The inconsistency of strlen and strsub

I witnessed a weird bug in my GDL code that I could not explain at all. To save you from the same amount of head scratching I want to document this inconsistency here.
In a for loop I recently did some text operations on strings with new line characters \n. It would work great on the first paragraph, but then it would start to be, not a one off, but "two off" error on the next paragraph and then continue to get progressively worse.

Let's start with a very easy example:

test = "1\n2\n3"

So far there are no surprises here. If we’d show this on the plan with text2 0, 0, test we would get:

1
2
3

as our output.

Let's calculate the length of the string (and use "text2" again to show it in the floor plan – a poor mans "print()" if you want!): text2 0, 0, strlen(test).

Now, the result would be "5" since "\n" is counted as one character (EOL) here. This might come as a surprise for some already, but it is a reasonable result. Nearly every programming language (I couldn't find one that doesn't) counts "\n" as one character when being probed with their native string length functions.

But let's continue with the next operation.
For reasons we need to split the text into multiple parts. For that we can use the strsub function.
As a refresher let me provide you the three parameters strsub wants: strsub(str, n, m).

  • The first, str, is the string which will be hacked apart.
  • Secondly, n is an integer offset from where the extracted substring should start, where 0 < n ≤ strlen(str). Please mind that since GDL is not zero-based for its indices the first character in a string is in fact the "first" (and not 0th).
  • And lastly the second integer m is the length of the substring wanted from the offset n, where 0 < m < strlen(str)-n+1.

Let's try it out:

text2 0, -1, strsub(test, 1, 1)

This will show predictably just "1" in the plan.

text2 0, -1, strsub(test, 1, 3)

Now it gets spooky. This will still just show "1"!
"\n" is clearly – and surprisingly – counted as 2 characters in "strsub"!

To further proof this we can try

test = "1\n23\n4"
text2 0,-1, strsub(test, 1, 4)

If you predicted we would see

1
23

you’d be wrong. Instead it will just be

1
2


Now, what do you think will

text2 0,-1, strsub(test, 3, 1)

yield as a result?

If you said "n" you'd be right. Again, this might come as a surprise, but in a way it is at least very straight forward – you can literally look at the code without any knowledge of special characters – you'd get the "right" result.

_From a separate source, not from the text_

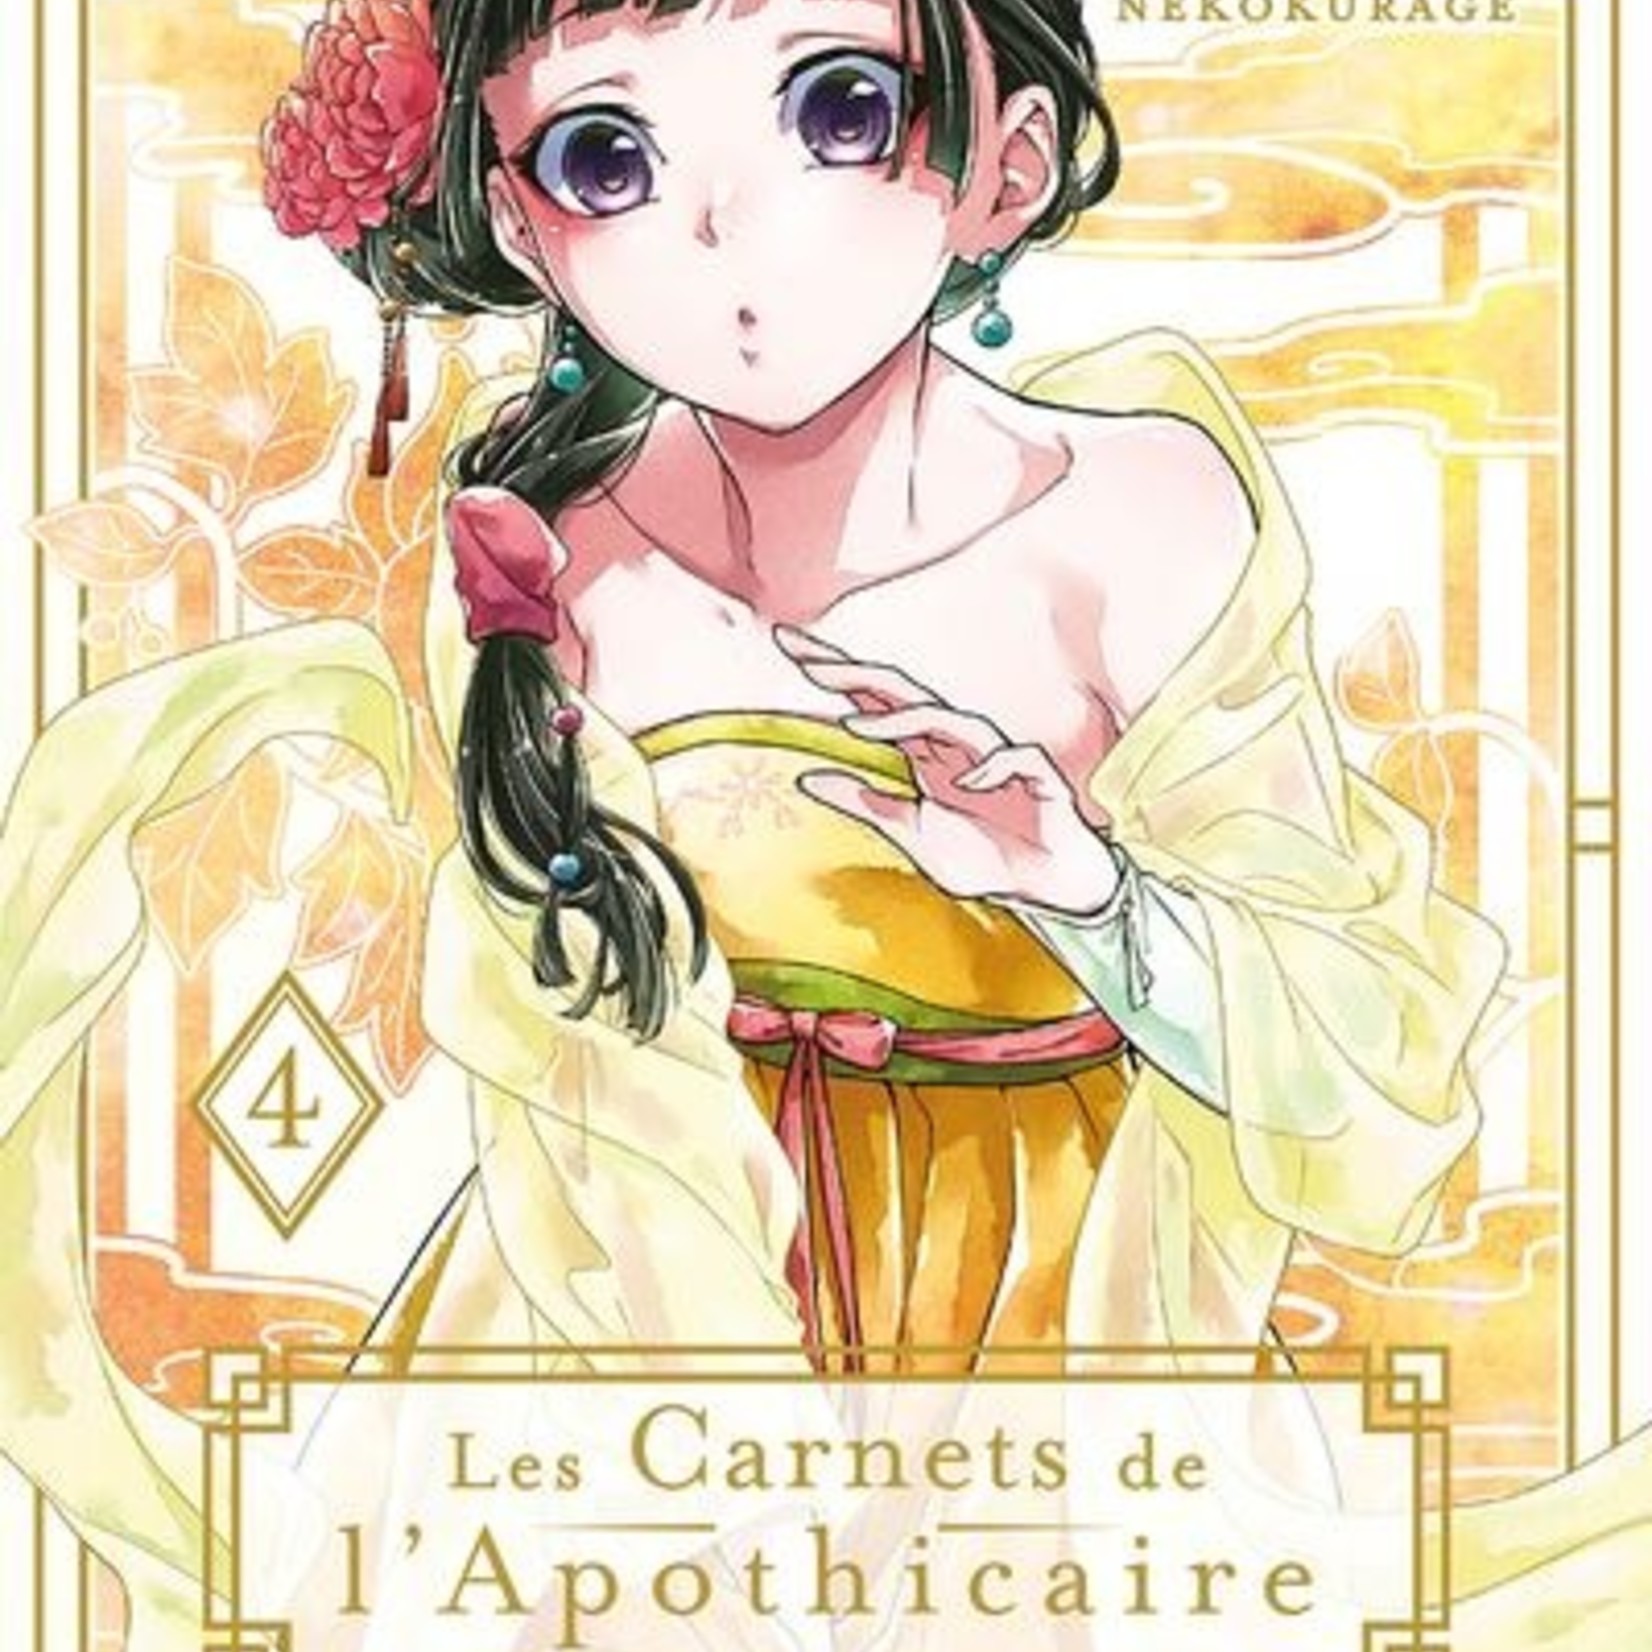 Ki-oon Manga - Les Carnets de l'Apothicaire Tome 04

The third character, when seen alone, of the test string is indeed an "n", even tho we would never see it when used in the intended context.
But how come that

text2 0,-1, strsub(test, 2, 1)

will be empty? Shouldn’t we see the backslash appearing in plan?
This on the other hand however is not possible.

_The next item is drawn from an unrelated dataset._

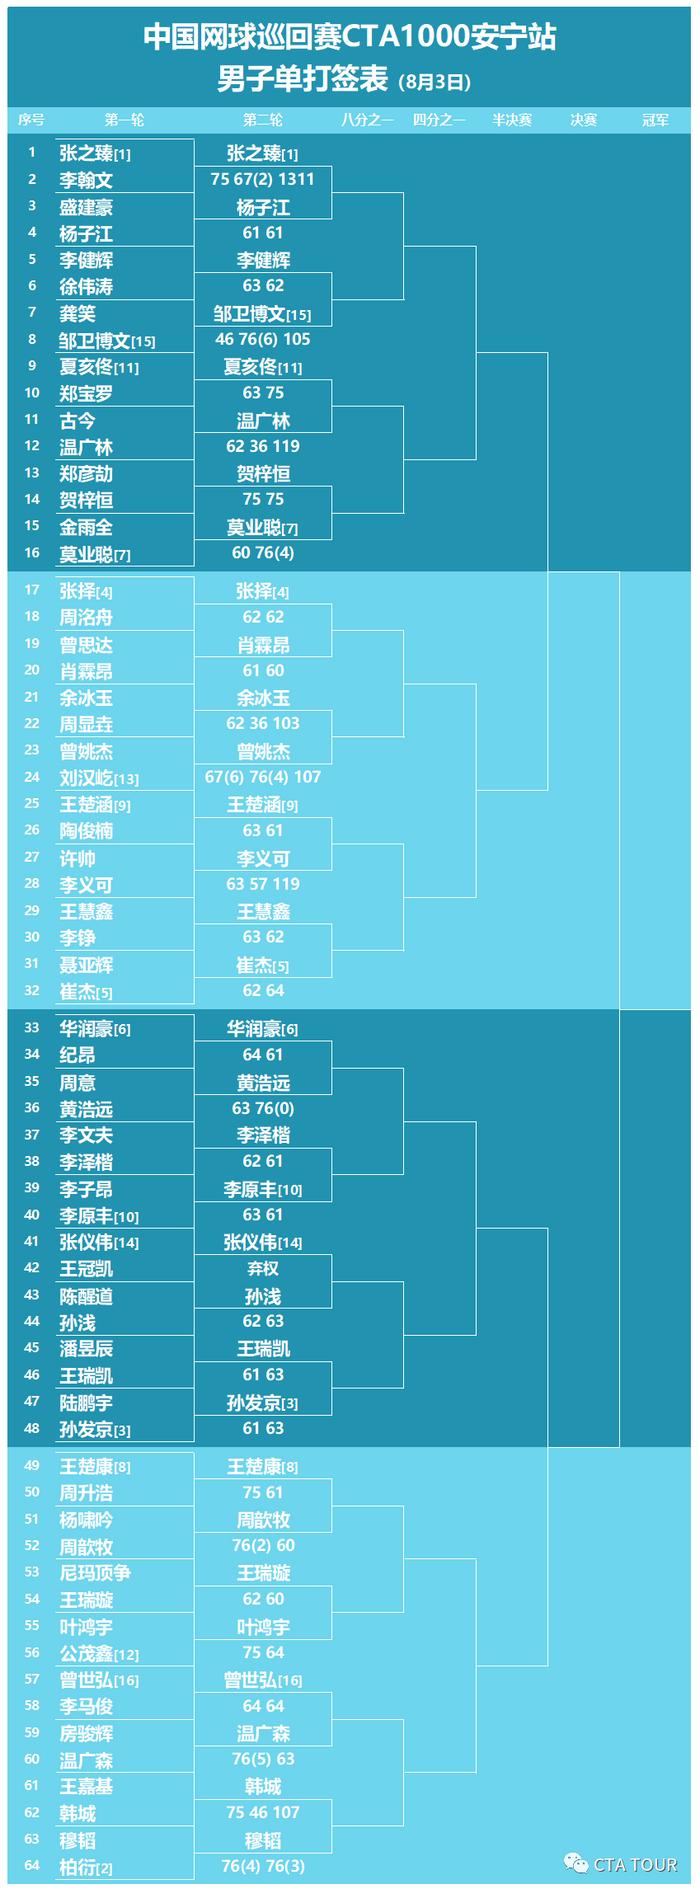 2020中国网球巡回赛安宁站第三日好戏连台 张之臻首秀惊险过关

If we look into the GDL reference manual we see that "\" is a special control character and can not actually be used on its own, only with "n" and "t" (for newline and tabulator respectively).
If we want to show the actual backslash we need to escape it itself like this \\.

And from this perspective it starts to make sense (somewhat):
As long we do not actually "write" the text, those are still two separate characters – but one of them is not valid, so we cannot see it.

Still this leaves us in a bit of a pickle.
Now we know that "strlen()" can be deceiving – the actual string might be much longer, which might break e.g. loops for multiple reasons, be it because we cut a string at the wrong positions, or just because we plainly think that the string is exhausted while it actually is not.

Of course when we know that there are not newlines or tabs in the string we process it does not matter.
When the user provides strings we can not be sure that they did not sneak in some of these bad boys.

For this reason I conceived this little algorithm that will give us the correct™ number of characters in a string – disregarding escape sequences and treating every char as one no matter what.

input_string = "Hello\nWorld\n"

total_chars = strlen(input_string)

_str_rest = input_string
extra_newlines = 0
current_pos = 1

while current_pos <= 256 do
    newline_pos = strstr(_str_rest, "\n")

    if newline_pos > 0 then
        ! Found a newline, increment counter
        extra_newlines = extra_newlines + 1
        _str_rest = strsub(_str_rest, newline_pos+1, 256)
    else
        goto "EXITLOOP"
    endif
    ! infinity loops safeguard
    current_pos = current_pos + 1
endwhile
"EXITLOOP":
result = total_chars + extra_newlines

Ultimately the best way forward would be for Graphisoft to fix it, which could be easy: Just ignore what all other languages are doing and count all escape sequences as two characters everywhere, even with strlen(), and all would be good.

Addendum:

As Bernd Schwarzenbacher correctly pointed out a "fix" would most likely end in a new command strlen{2} to maintain backwards compatibility. A lot of scripts in existence would break in unexpected ways otherwise.